Imagine there are 100 prisoners in a prison yard. The warden comes out, holding a lightbulb. He says to the prisoners, "you are all about to be placed into solitary confinement indefinetely. But I will let you all go if you can solve this riddle.
Here in my hand I have a lightbulb that you can turn off and on. You can turn it off and on as many times as you want, but you can do nothing else to the lightbulb. You may not break it, you make not paint it with anything. Each prisoner has the possibility of seeing the lightbulb once a day, but only once a day.
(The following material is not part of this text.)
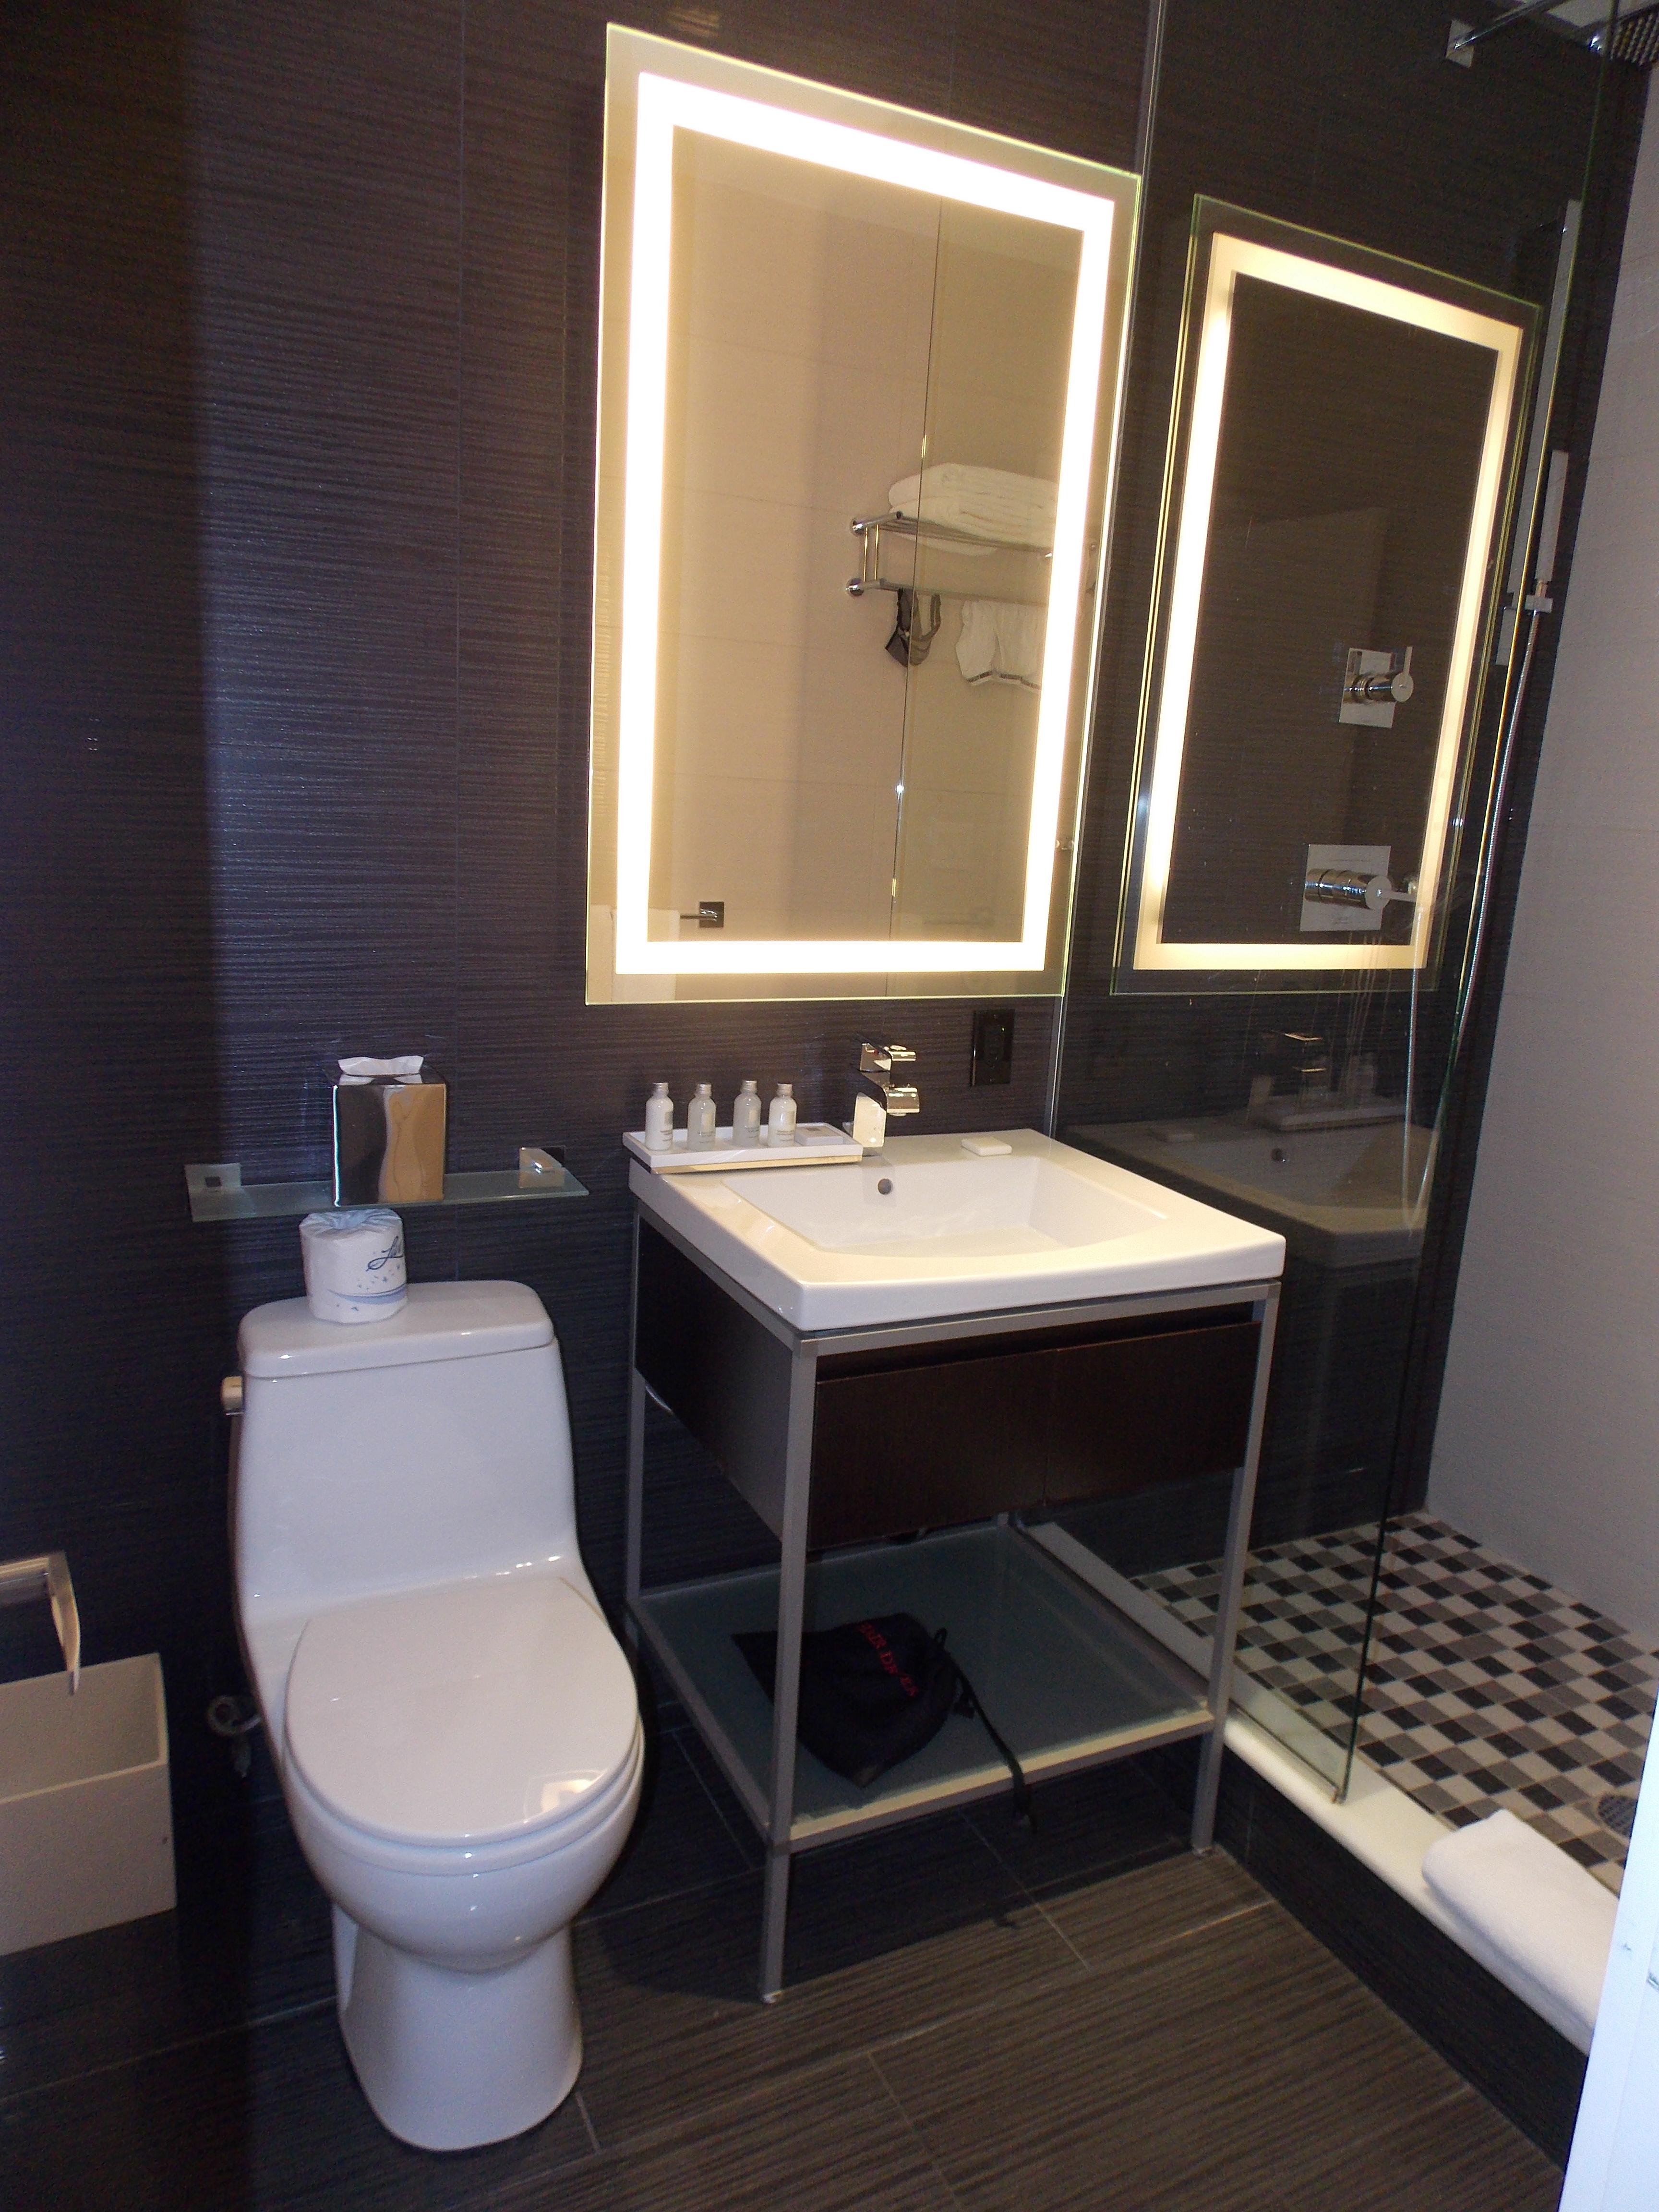 Hotel em NY A CASA DAS GURIAS #936E38 3456 4608

Now I will let you all go free if at any time one of you can say that all prisoners have seen the lightbulb. However, if you do make the claim that all have seen it and you are wrong then I will kill all of you. Therefore, you only get one chance to answer."
Then all the prisoners are placed in solitary confinement, how will a prisoner be able to find out if everyone has seen the lightbulb?
2006-12-08 06:41:11 · 12 answers · asked by jazzman1127 2 in Entertainment & Music ➔ Jokes & Riddles
Hint: Because of solitary confinement the prisoners will not be able to talk to each other. No notes will be able to be passed either. A prisoner cannot hear another prisoner from his cell. There is no communication between the prisoners.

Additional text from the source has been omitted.